Okay I Bought the Magnepan 3.6's


Okay, I actually purchased the Magnepan 3.6's; now it's amp research time! Temporarily running them with my 22 year old NAD 2200PE (don't laugh, it still works!)...and they sound decent in my 17 x 26 room. However as it has been said before, 'Scotty, I need MORE POWER!'...

After some feedback on the Parasound and big Macs, I have been leaning more towards one of the Pass Labs. (Good deals abound on used ones)... So, which way to go? These look very promising:

X250.5
X350.5
or even the XA60.5 (Pricey!!!)...

Thoughts and recommendations? Also, safe to run a tube preamp in front of these?
stickman451

Showing 4 responses by mcreyn

Wait!!! Did you buy the Maggies new or used? If they are new you really need to let them break in for a couple of hundred hours in order to be ale to evaluate amps. The sound of Maggies changes significantly over the first couple of hundred hours and what you describe with the Mac could be attributed to them not yet being run in.

If you go Pass, I would go to the 250.5 or 350.5. I know with my 2.7's they didn't start to sound right until I had 600w/ch per side (4 ohm) going through them. Others have mentioned the big Brystons as they work well with Maggies, and I agree they are worth checking out. Despite what you get, I would make sure you are at least at 500 w/ch.
I don't think the 150.5 is enough, especially in your room. There is a reason so many are recommending huge amps like the Wyred for Sound, Bryston 14Bsst, or Pass 350.5. The maggies are not very efficient and will run through the 150.5's 300 watts in no time.
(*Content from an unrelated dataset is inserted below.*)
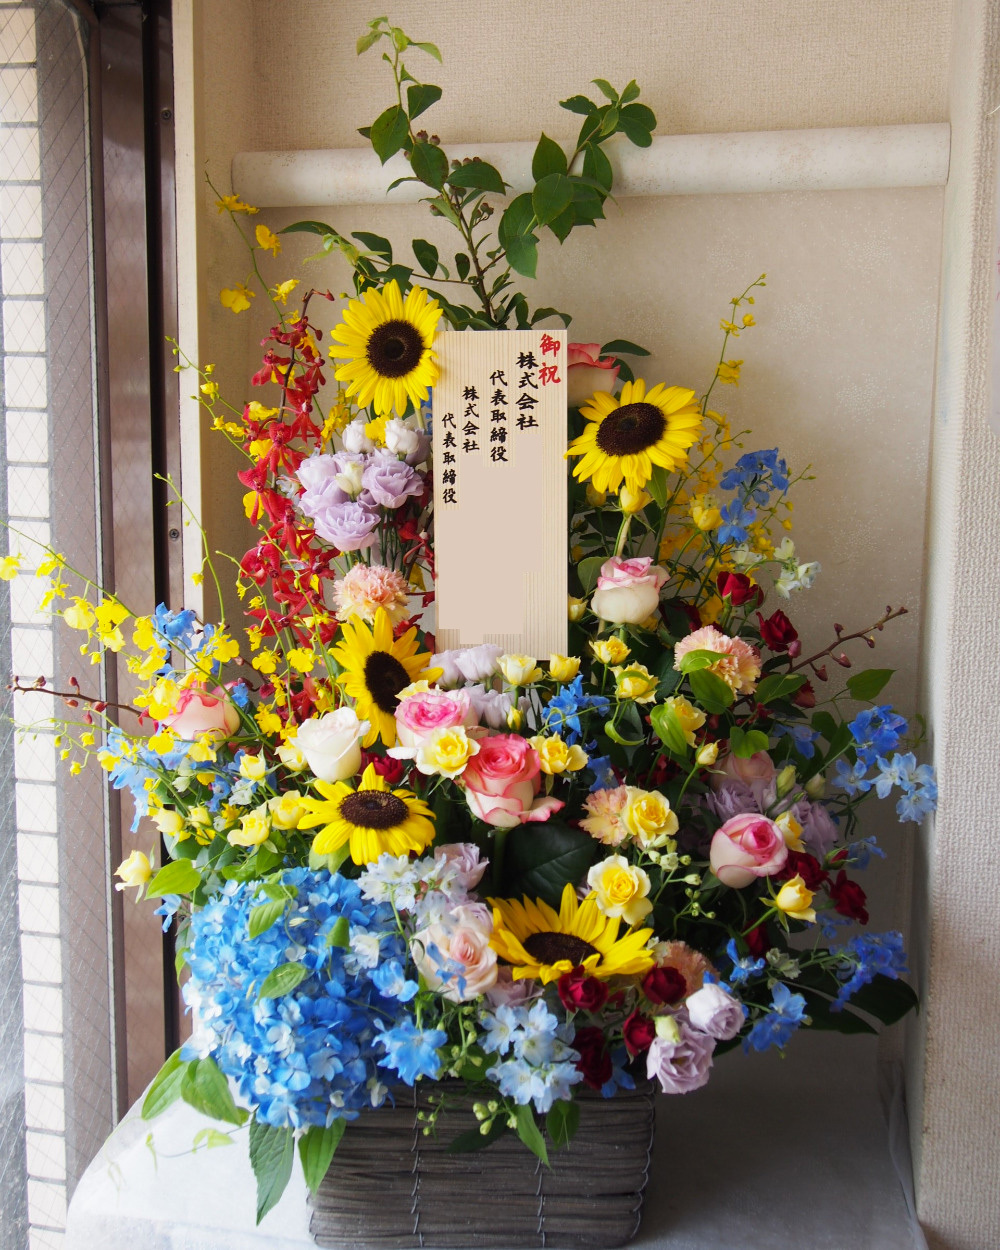 ご移転祝いに贈られたカラフルで華やかな祝い花
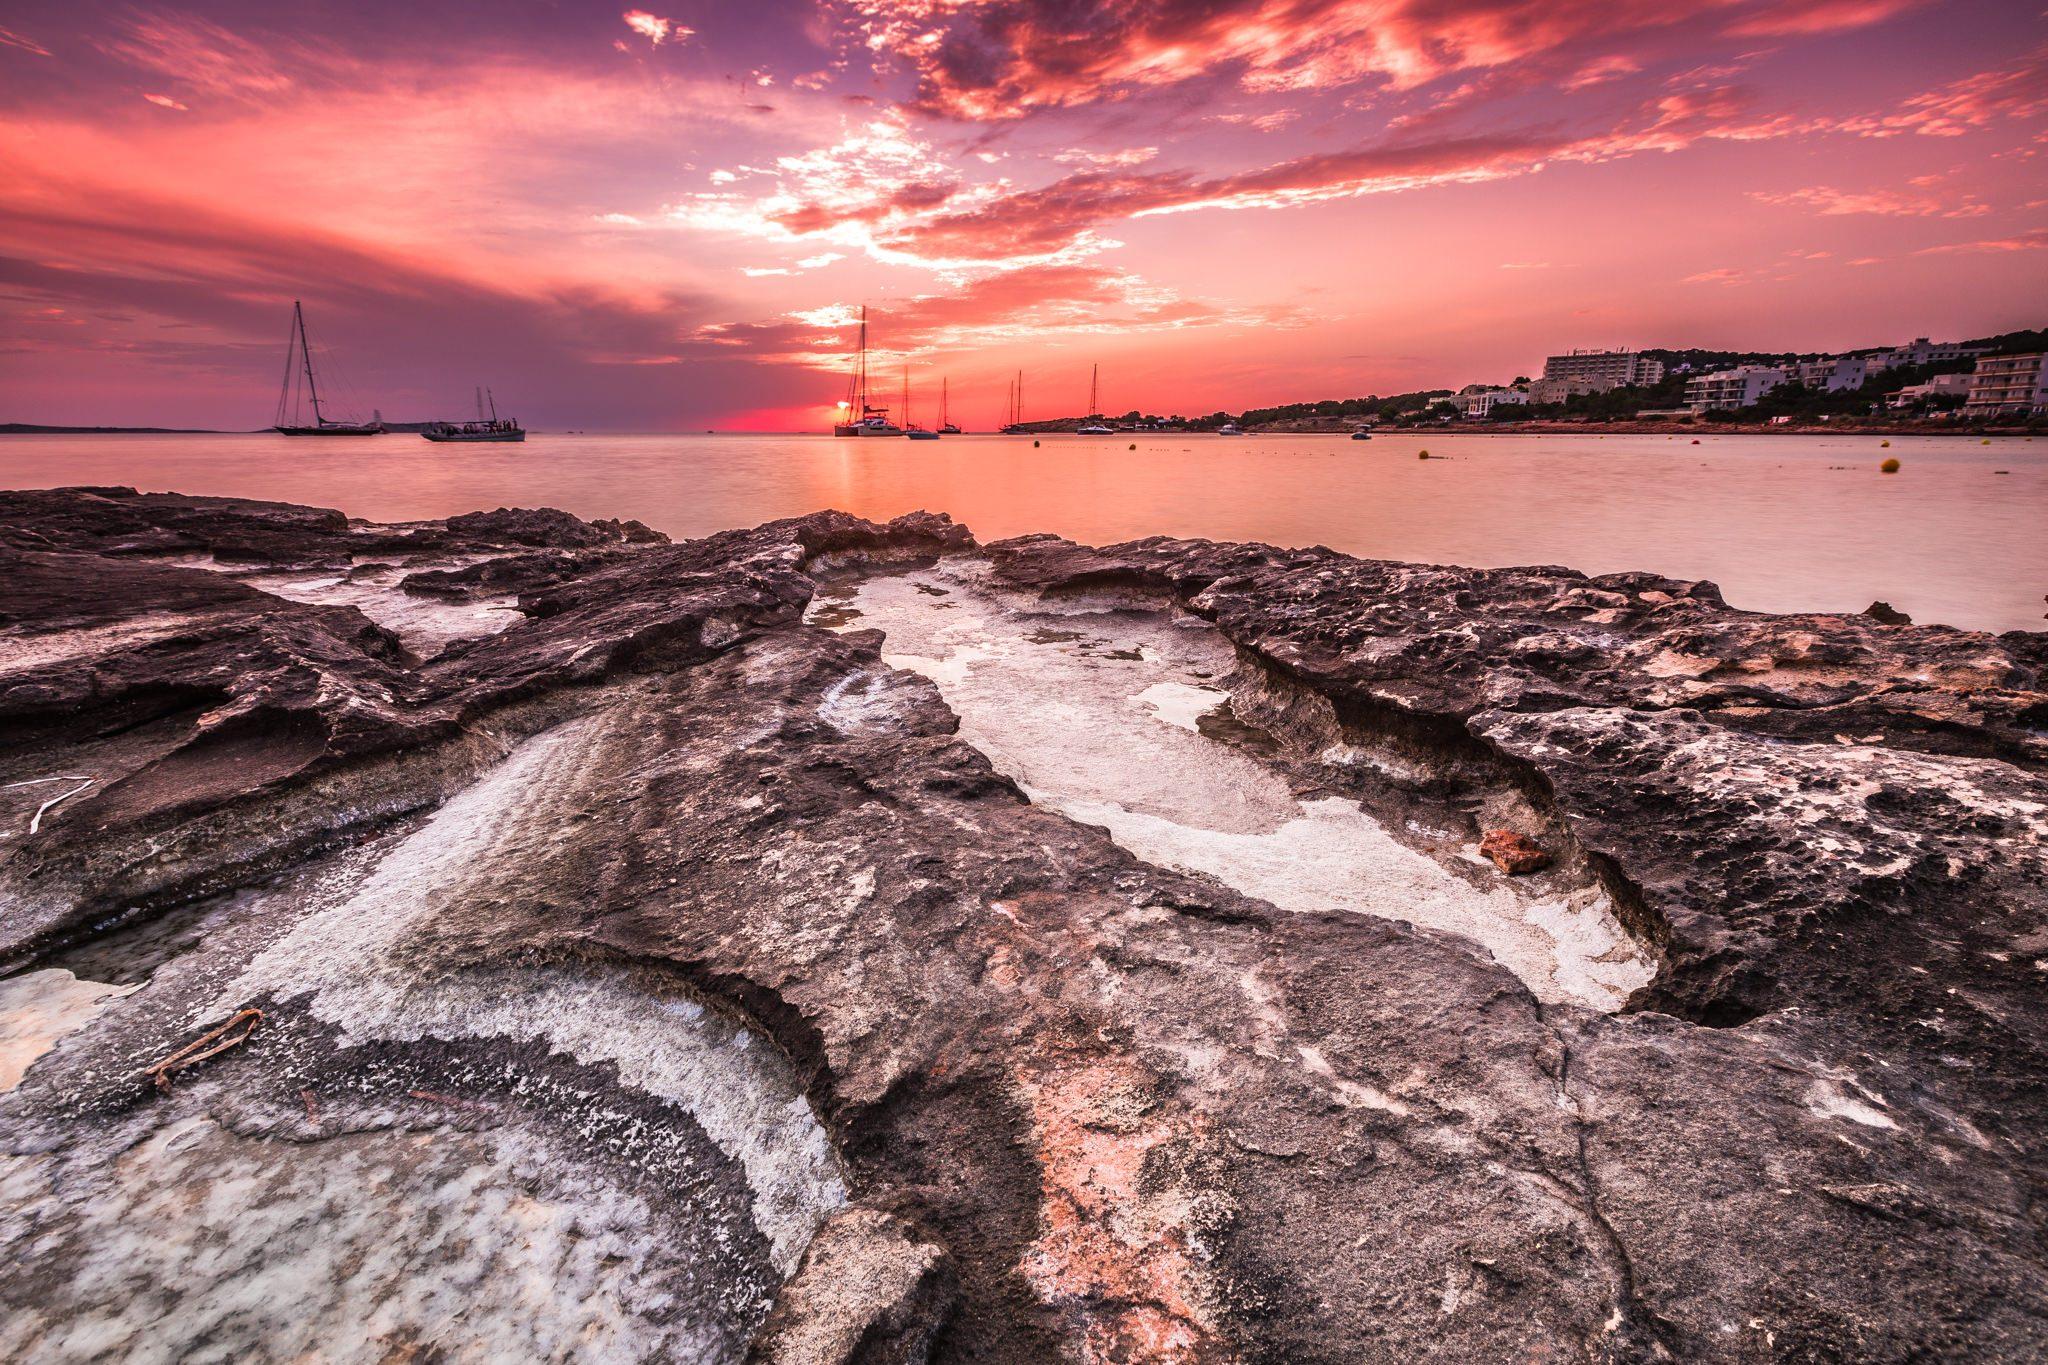 Fotografía de paisaje de larga exposición realizada en la puesta de sol desde San Antony de Portmany, Ibiza

Going to an amp like the Wyred for Sound or big Bryston will net you another 4-5 db's of headroom, a significant difference.

I like Pass stuff, but think it is extremely expensive and not worth twice as much as Bryston, with the 350.5 running nearly $12,000 for a new one, vs. the Bryston's still expensive $6,000. The Wyred for sound ST-1000 as the comparative bargain of $2000 gives you 1140 watts per side, a 6 db increase in output capability over the X150.5 amp. It also leaves a lot more cash in your pocked for other things.
Bombaywalla,

You are correct the Maggies are a relatively benign load in terms of current requirements; as long as the amp is comfortable into 4 ohm loads, there shouldn't be a problem. What you are forgetting is that Maggies do suffer from dynamic compression that gets worse the harder you push them. Your calculations would be correct if they were linear, but they are probably suffering from 2-6 dbs of compression in the mid 90 db range.

My experience with my 2.7s was that with 200 watts behind them, they were completely underwhelming. When I borrowed a friends older Yamaha M80 amplifier (330w/ch) I flat out would run it out of power, the VU meters would light up like a Christmas tree in Times Square. It was only when I bought an Adcom GFA-5500 (350w/ch with 1.7 db of headroom i.e. 500 a side on peaks) that they started feel better. Even with the Adcom, I would light up the clipping lights on loud passages. I ultimately ended up with a Sunfire Stereo (600 per side) and if I could swing it would go to the signature version at 1200 per side. This was all in a 14 x 17 foot room.

The x.150 puts out 300 watts/ch into a 4 ohm load, which as others have said is not adequate from their experience. My experience says that 300 watts/ch in a smaller room wasn't adequate, so I have no reason to believe it would be in a larger room.

The article you cite in Stereopile sums it pretty well when the review says "Another consideration is that although the 3.6/R is a benign load—mainly resistive and a fairly flat 4 ohms—at 86dB/2.83V/m they’re not terribly sensitive. The VAC Renaissance 70/70 is an unusually strong 70W amp, but wasn’t really enough to make the Maggies sing. The Mark Levinson No.20.6s, VTL Ichibans, and Classé CAM-350s all did better jobs of resolving low-level dynamics and detail, and opened up the soundstage noticeably. I spent time with all three, but ended up preferring and doing most of my listening with the Classé monoblocks, which are rated as delivering 700Wpc into the Maggies’ 4 ohm load."
DNE, when you say the Pass is really a 250watt amp disguised as a 150 watt amp, that is a bit misleading. Most well designed high end amps will handily exceed their rated output by 1-2db's, the amount of out performance you claim for the Pass. I think the pass is a great amp, if I were rich, I would buy one, but I also think given the size of the buyer's room, and fact that he was not enthused with the McIntosh 402 with 400 watts per channel and 2 dbs of headroom, that he would be well served by having the extra 3-5 dbs that a bigger amp would put out, whether from Pass Labs, Bryston, Wyred, Sunfire, McIntosh or any other number of excellent manufactures.

For Stickman, I have to ask if you watched the meters on the Mac when you were using it. For the levels you wanted, were you getting close to clipping it? That would give everyone a better idea of your power needs.